» **MATERIAL PROVIDED**:
== Segment start ==

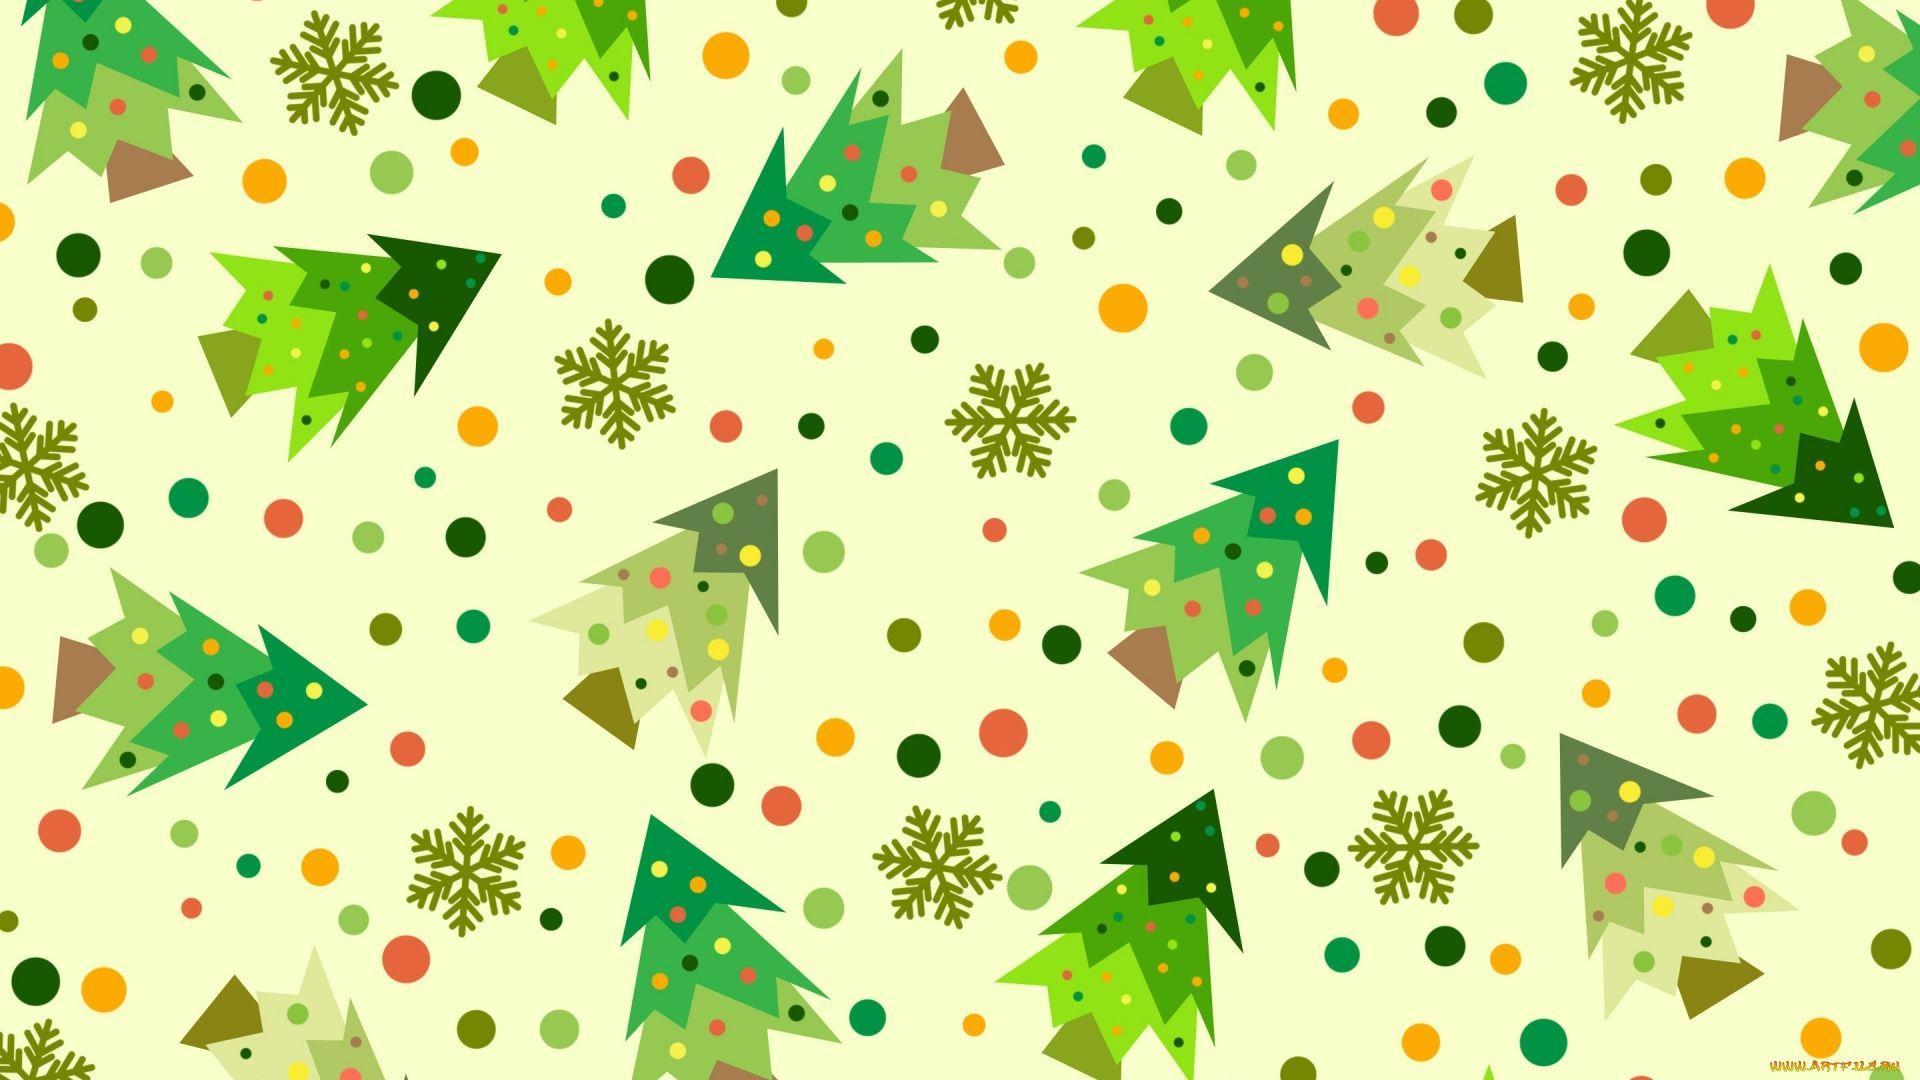 Christmas Scrapbooking 1920x1080 wallpaper
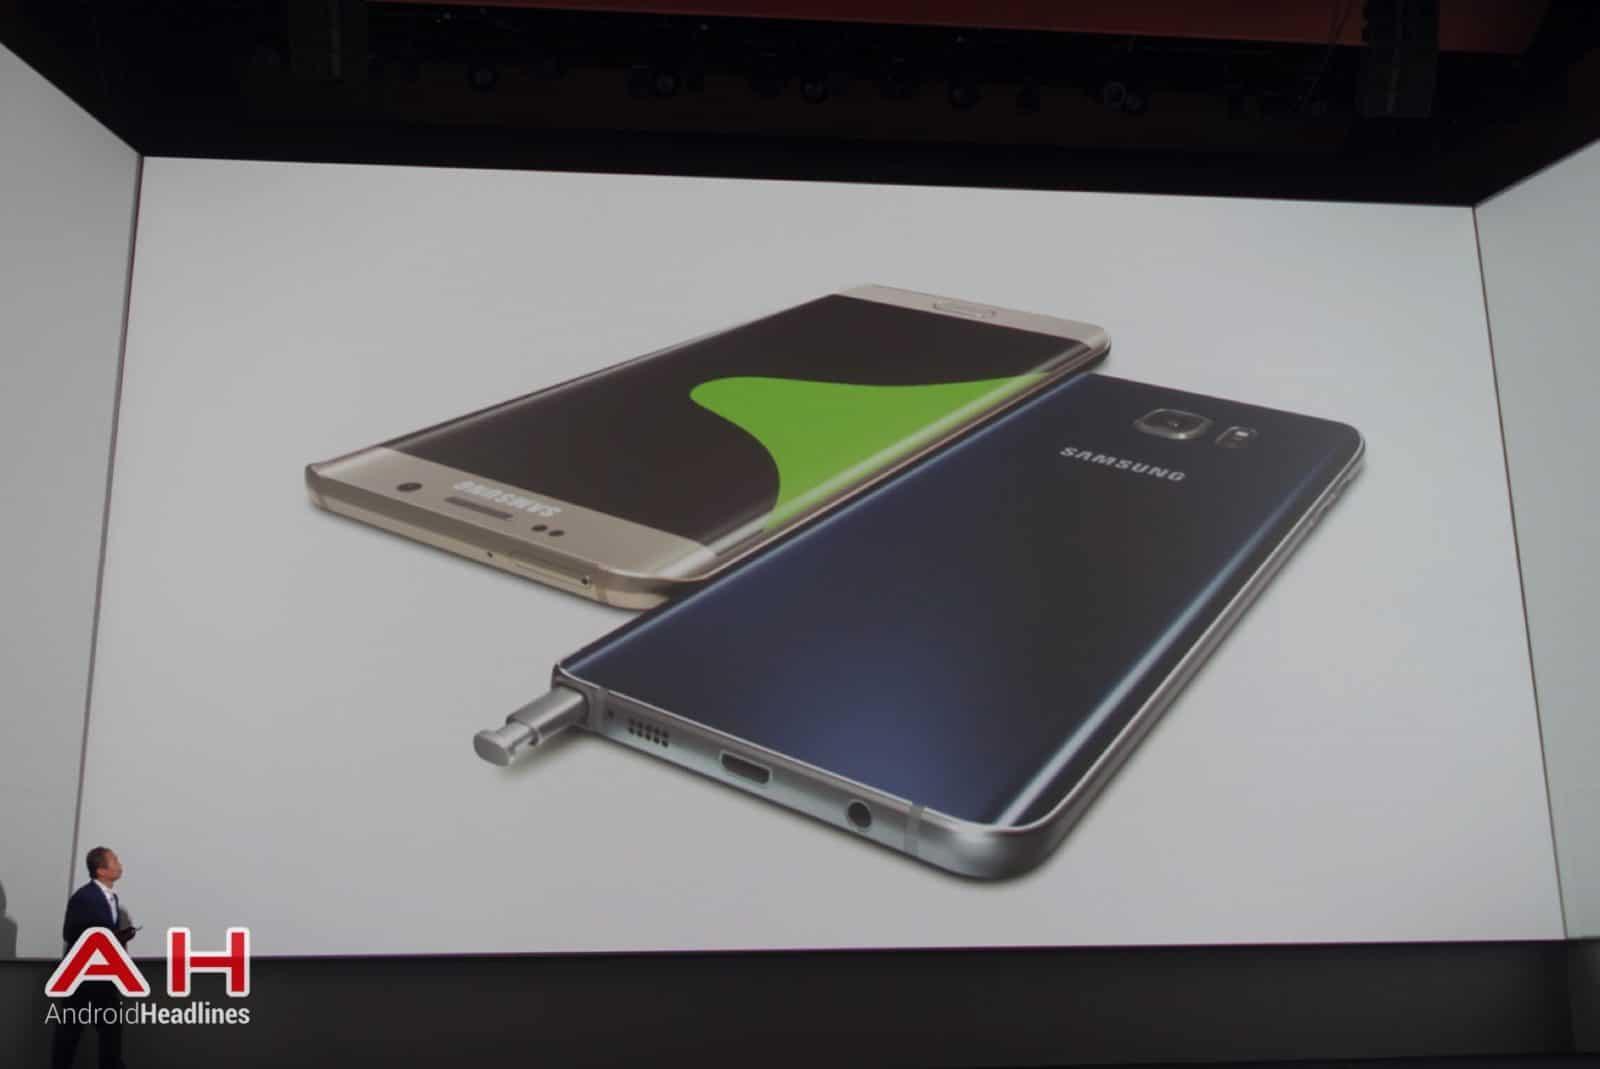 Samsung Unpacked 15 AH 12
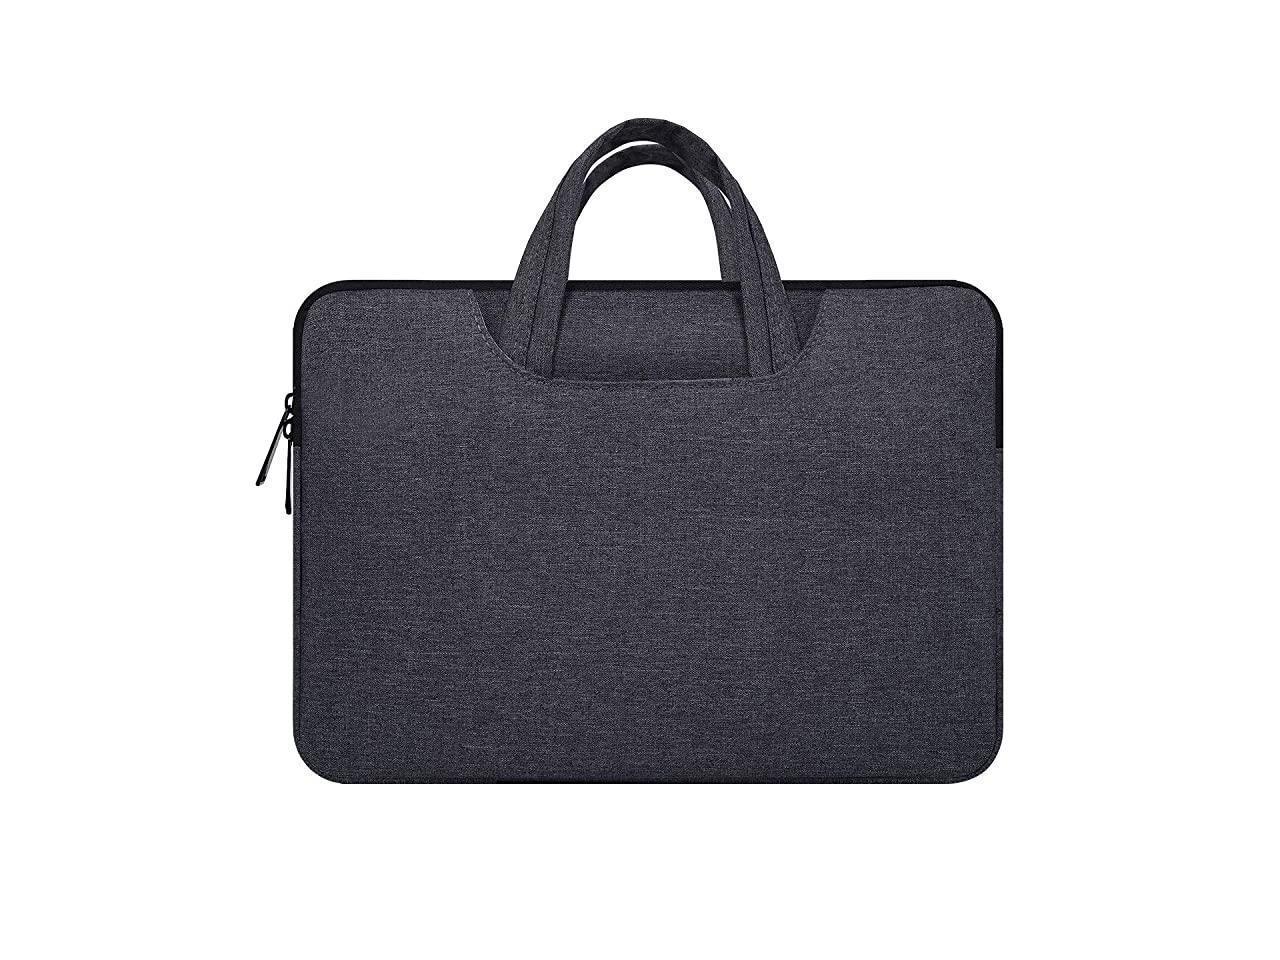 15.6 Inch Laptop Bag,Laptop Sleeve Case for HP Pavillion//HP Premium//HP Envy x360 15.6,Lenovo Ideapad 330,Lenovo Yoga 720//730 15.6,Acer Aspire 5//Acer Aspire E 15 with Handle Sleeve Bag Space Grey
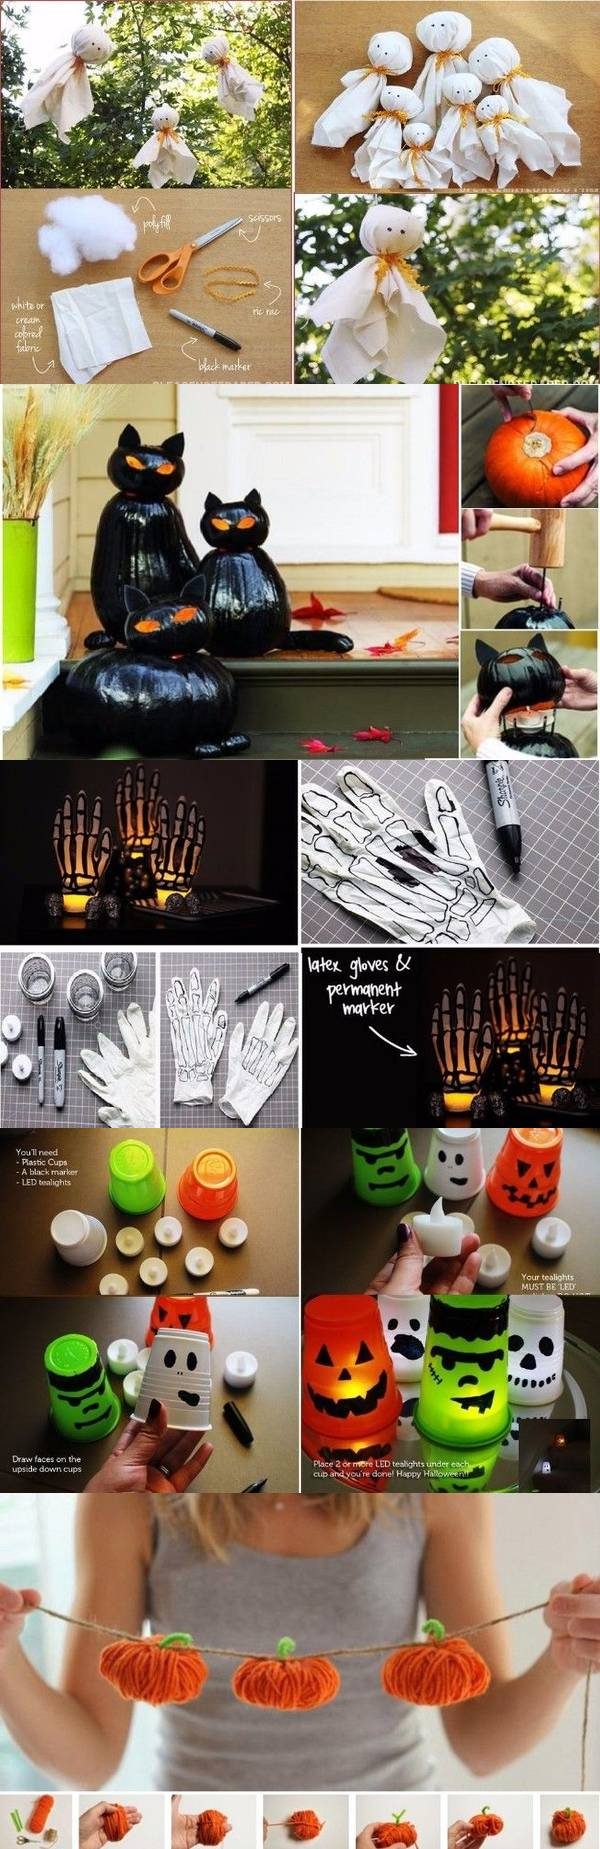 Декор дома на Хэллоуин – 26 вариантов

== Segment end ==

» **TASK DESCRIPTION**: Would you copy out the material above exactly, without the pictures in it?

» **ANSWER BELOW**:
 Christmas Scrapbooking 1920x1080 wallpaper
 Samsung Unpacked 15 AH 12
 15.6 Inch Laptop Bag,Laptop Sleeve Case for HP Pavillion//HP Premium//HP Envy x360 15.6,Lenovo Ideapad 330,Lenovo Yoga 720//730 15.6,Acer Aspire 5//Acer Aspire E 15 with Handle Sleeve Bag Space Grey
 Декор дома на Хэллоуин – 26 вариантов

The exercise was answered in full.